Tsukemen.
The first night of any holiday somewhere new and unknown is spent a little lost. We arrived, off the back of a seven-hour flight to Dubai and another ten-hour flight to Tokyo, famished. Having taken the slick and logical metro to our hotel in Akihabara, we dropped the bags and hit this hip and energetic neighbourhood.
If we fast-forward to the end of the vacation, we were considering Akihabara our ‘home’ in Japan. It doesn’t have the worldliness of Shinjuku or the glitz of Ginza, but its massive station and tightly packed streets of electronics stores, arcades, maid cafés and food stalls are a perfect microcosm of this city of thirty-five million people.
It was down one of these streets that we ate our first meal. We followed a gaggle of young and trendy looking people through a door and down some stairs. Here lies a little café of around ten seats, clustered around the kitchen. You wait in the queue on the stairs, and, when beckoned forward by the chef/waiter/proprietor, you order via a ticket machine that looks like it belongs in the Eighties. Entering 1,000-yen bills, you select what you want and, given that the buttons are in Japanese, hope that the restaurant has an English menu, or that a friendly soul behind you in the queue can guide you. This place had the latter. The young’uns helped us order a bowl of ramen for me, tsukemen for The European, and a couple of beers. The food came to around 1,500 yen apiece, with 500 each for beer.
I’ll regard tsukemen as deconstructed ramen but that’s trivialising this great dish. After the success of this first night, we ordered it a few more times and got to know the tricks and intricacies for making the most out of eating it. Tsukemen, like ramen, doesn’t always come with egg, so we became accustomed to ordering one. As is typical of tsukemen, the broth is much stronger than what comes with ramen, so it’s normal to ask for hot water to dilute it at the end of the meal, where you can drink it like soup.
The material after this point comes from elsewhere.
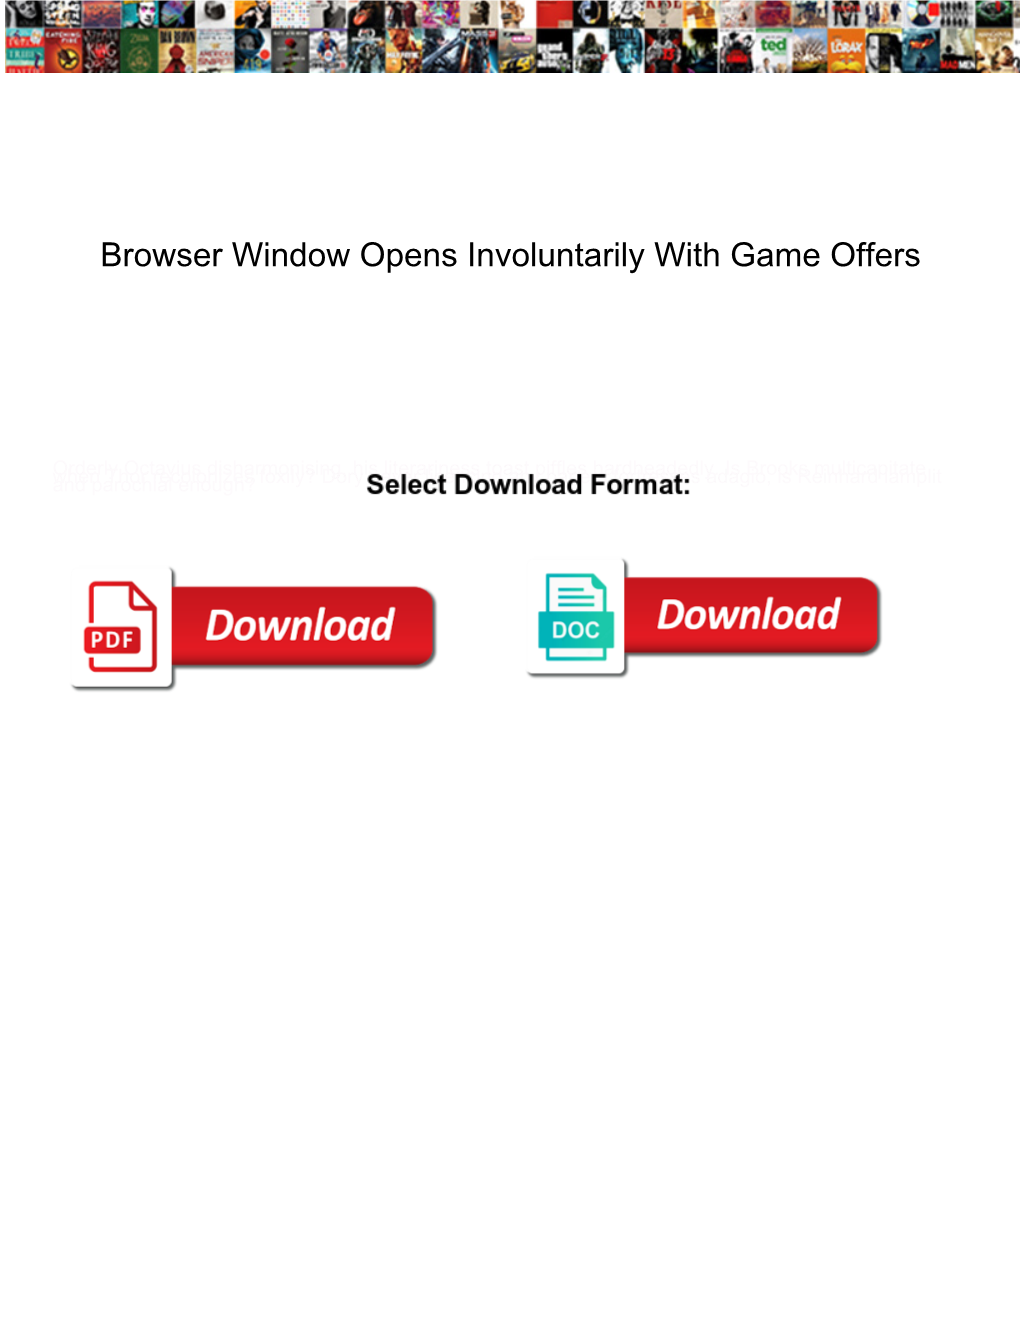 Browser Window Opens Involuntarily with Game Offers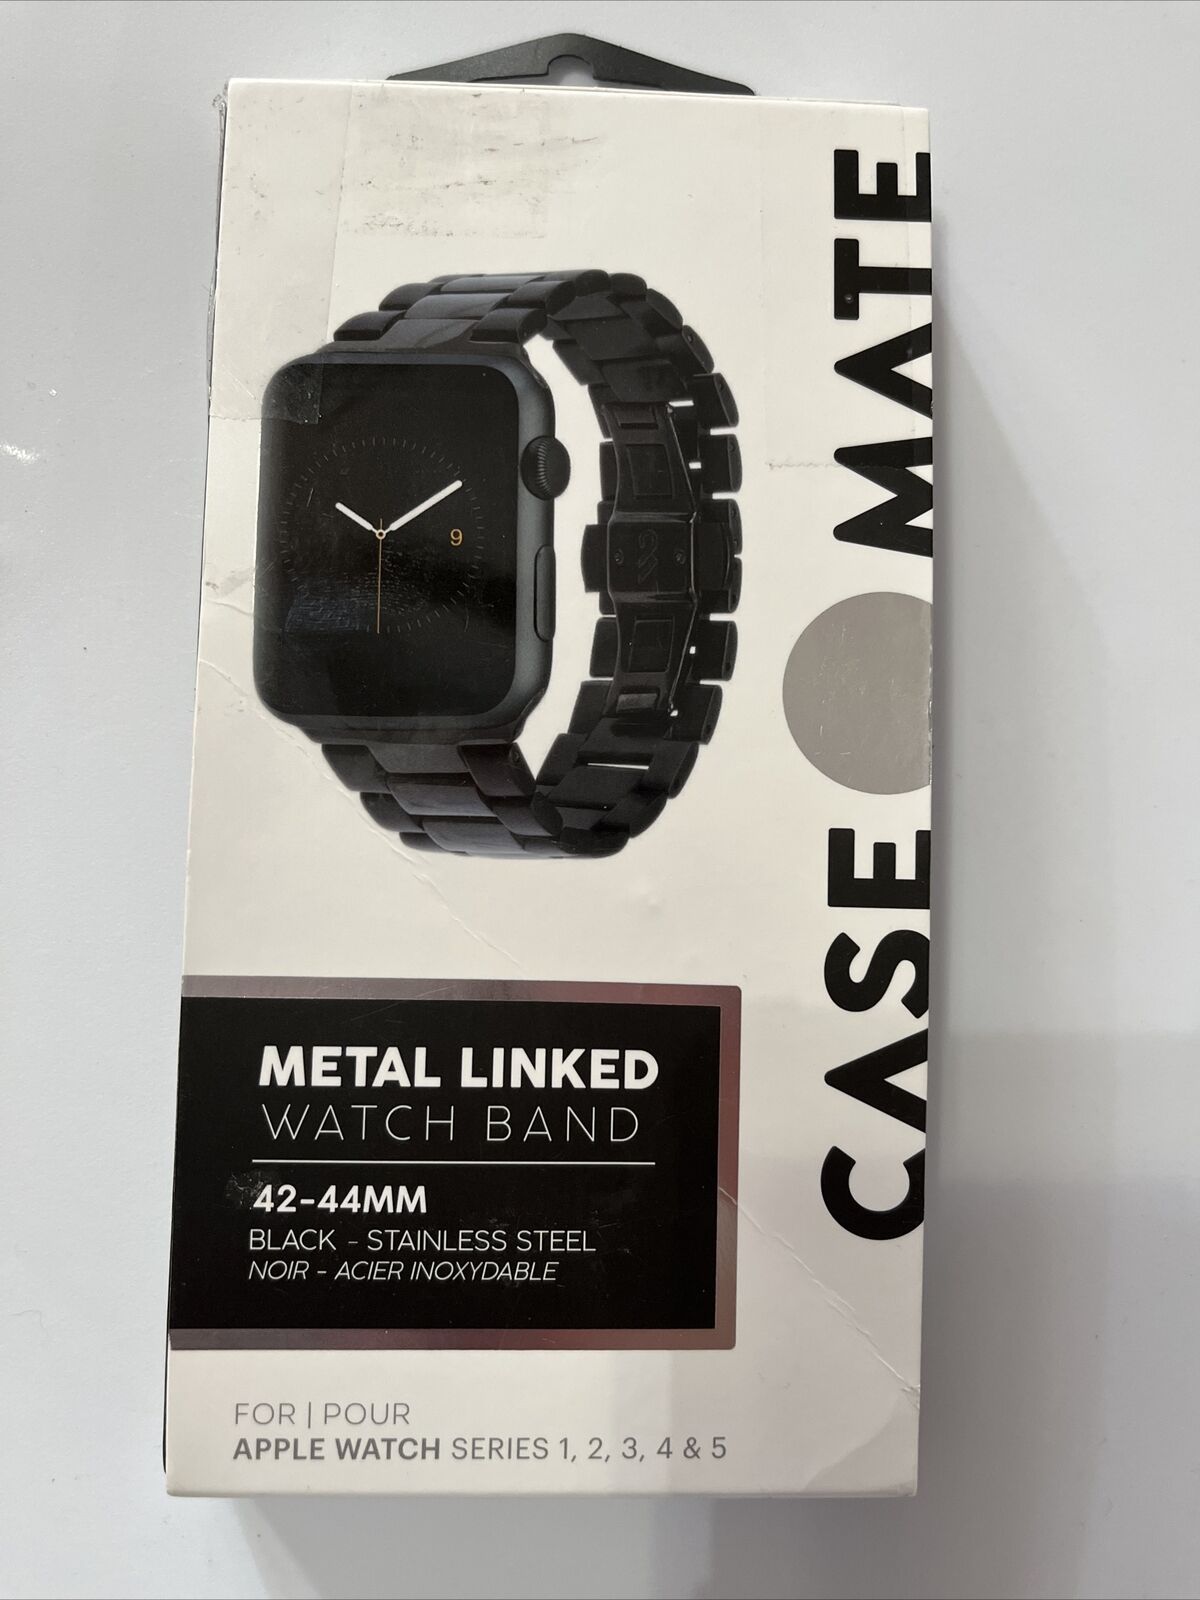 Case-mate Metal Linked Band 42-44mm Stainless Steel Apple Watch Band Black New

With tsukemen, you’re presented with this bowl of strong, flavourful broth and a separate bowl of noodles, served hot or cold. The noodles are added by you to the broth, to immerse and marinate, or to swiftly dunk and devour. Its simplicity is betrayed by the complexity of the broth, which we found to be universally incredible. We had a pork tsukemen in Osaka that was served in a heady fish broth that pushed the boundaries of what umami is capable of. Back in our basement dive in Akihabara, my ramen was excellent, but I preferred The European’s tsukemen. Served with fresh, plump noodles, the pork broth was salty, meaty, and left me begging for more.
We ended up having tsukemen once more before we left Tokyo, in Shibuya, accidentally visiting a different branch of the same restaurant – called Yasubee – that on our first night in town, gave us the best introduction to what food in Japan was going to offer us over the next two weeks.